_TASK INSTRUCTIONS_
In the data below, restate exactly the lines from the one with "Otter Spotter Women's Knee High Socks" to the final line, both included, but not the pictures.

_DATA BLOCK_
^^^^^^^^
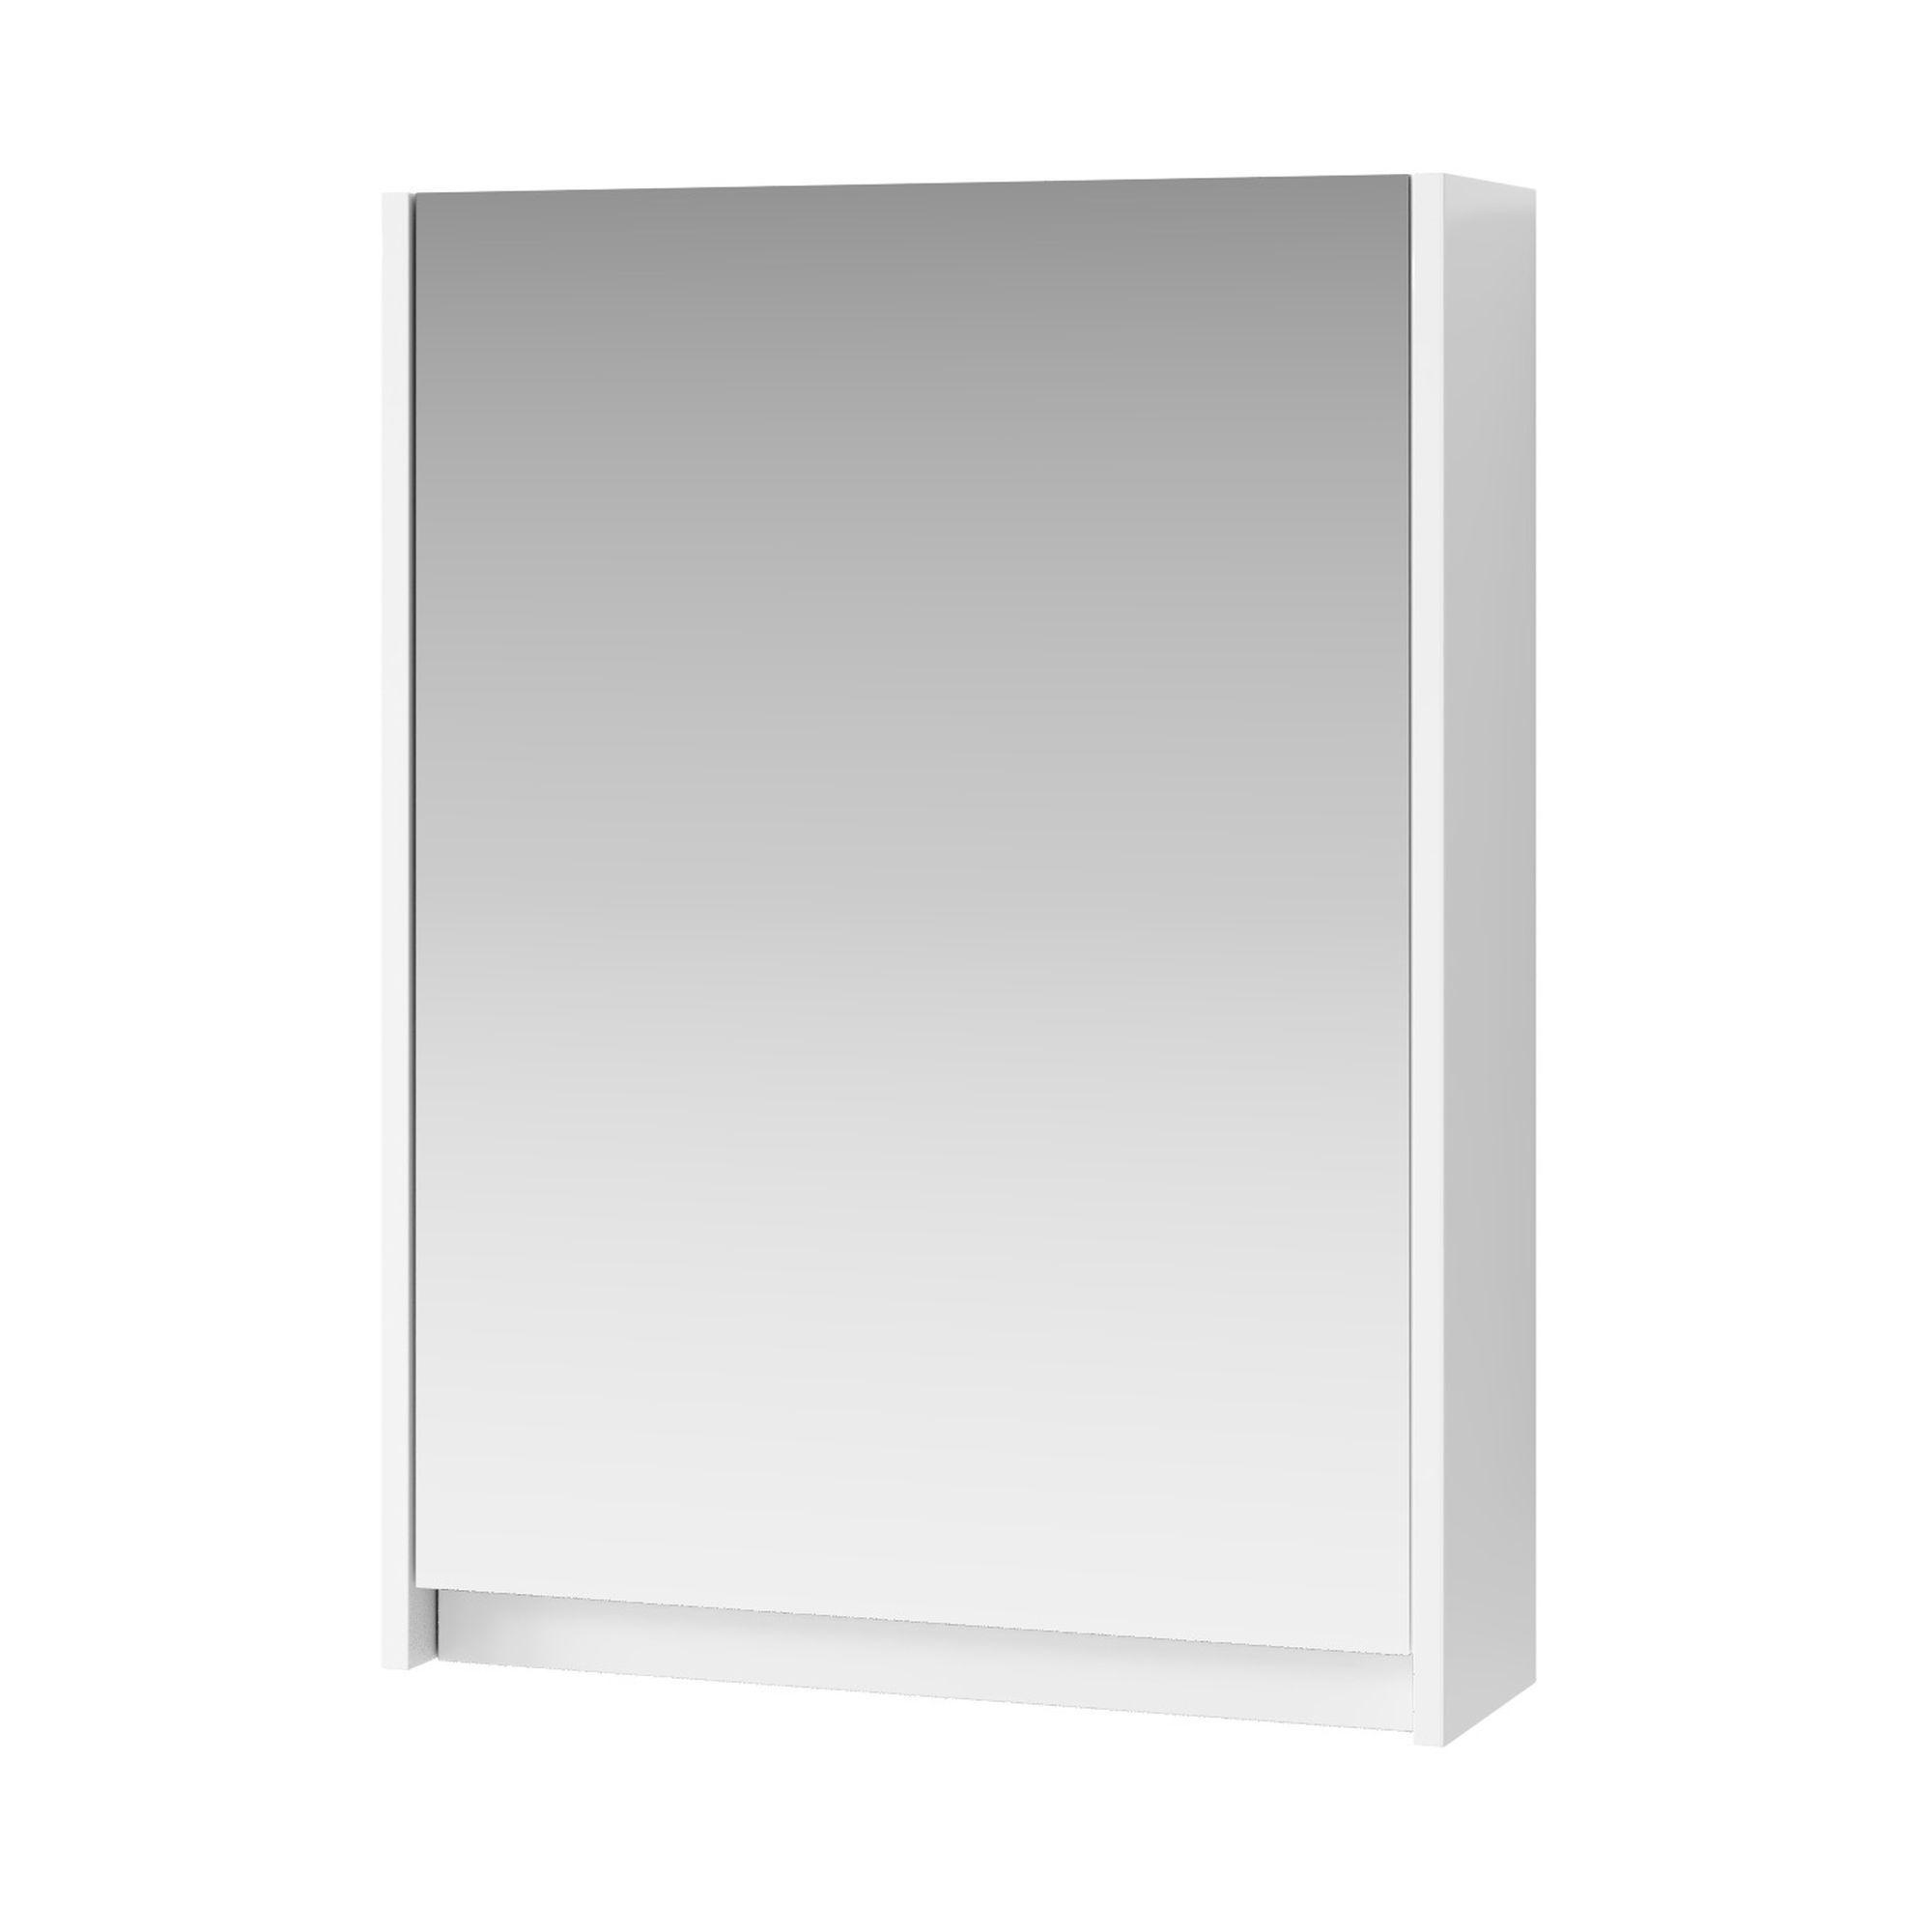 Леруа мерлен шкаф для ванной. Шкаф зеркальный Квадро 60. Шкаф зеркальный Leroy Merlin. Шкаф зеркальный универсальный Леруа 60см 5005. Зеркало-шкаф Квадро 60 см бел/Водолей.
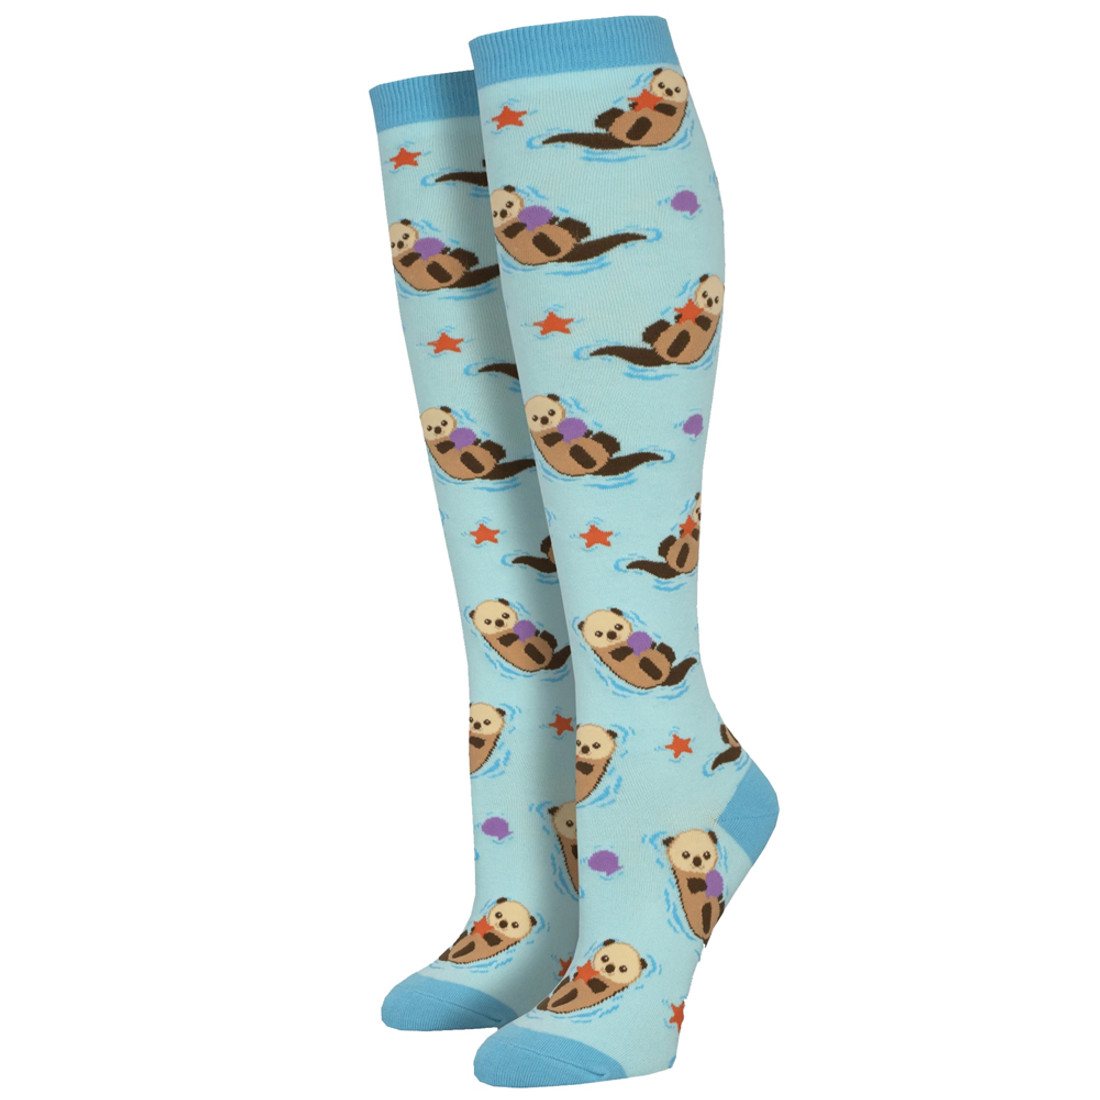 Otter Spotter Women's Knee High Socks
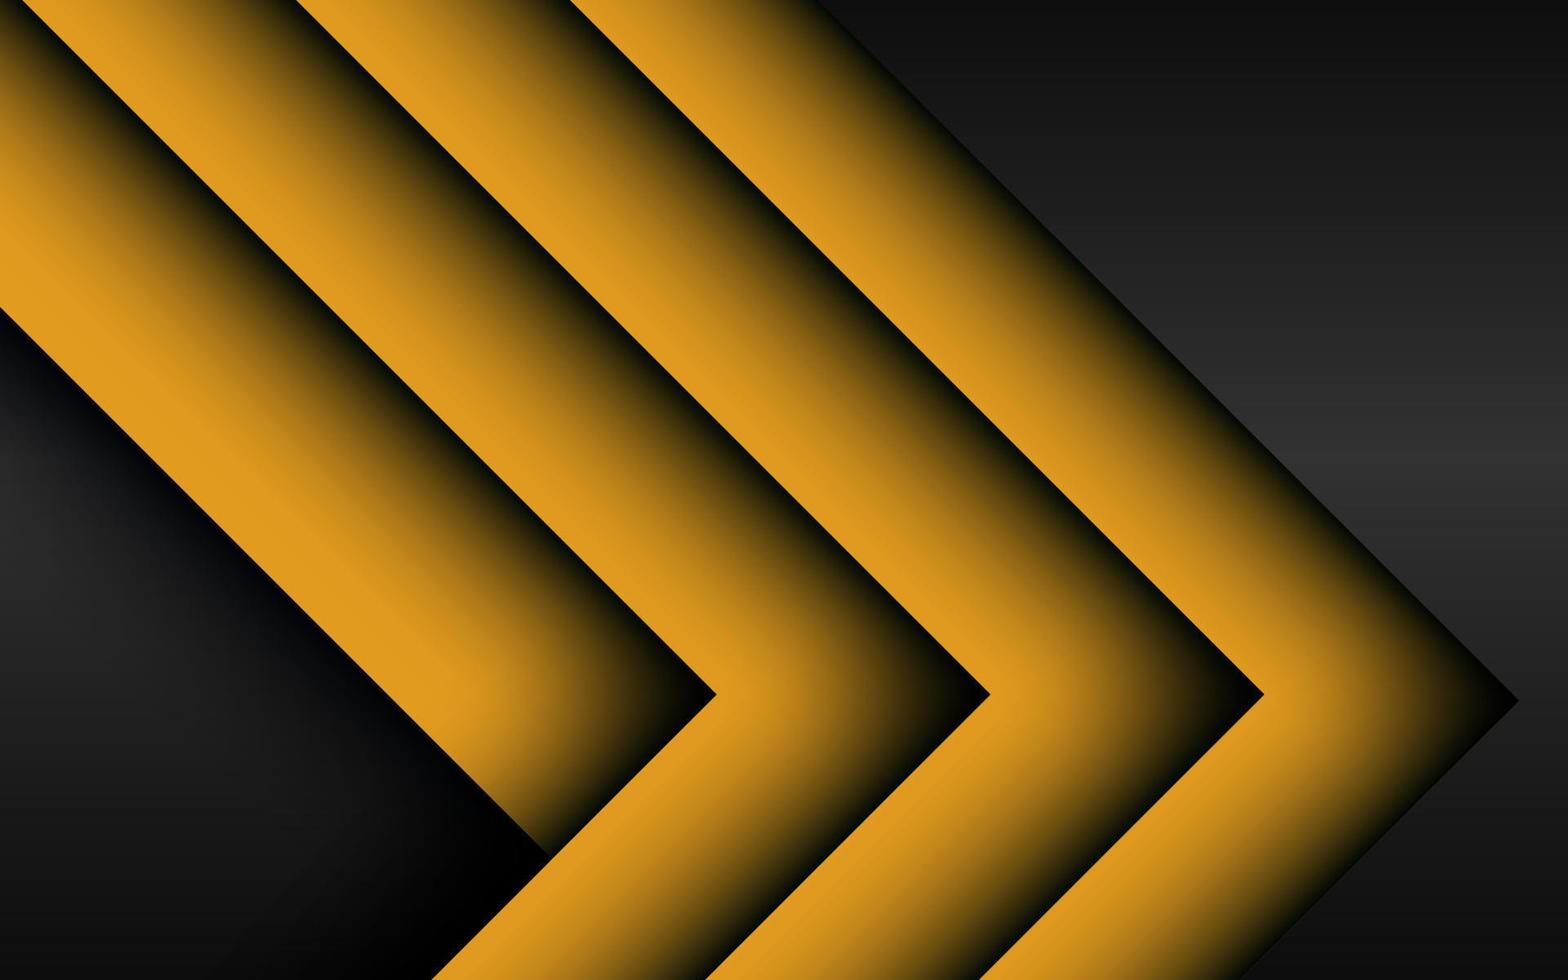 abstracte gele pijlrichting op donkergrijs met lege ruimteontwerp moderne futuristische technische achtergrond. eps10 vector
^^^^^^^^
_RESPONSE AREA_
 Otter Spotter Women's Knee High Socks
 abstracte gele pijlrichting op donkergrijs met lege ruimteontwerp moderne futuristische technische achtergrond. eps10 vector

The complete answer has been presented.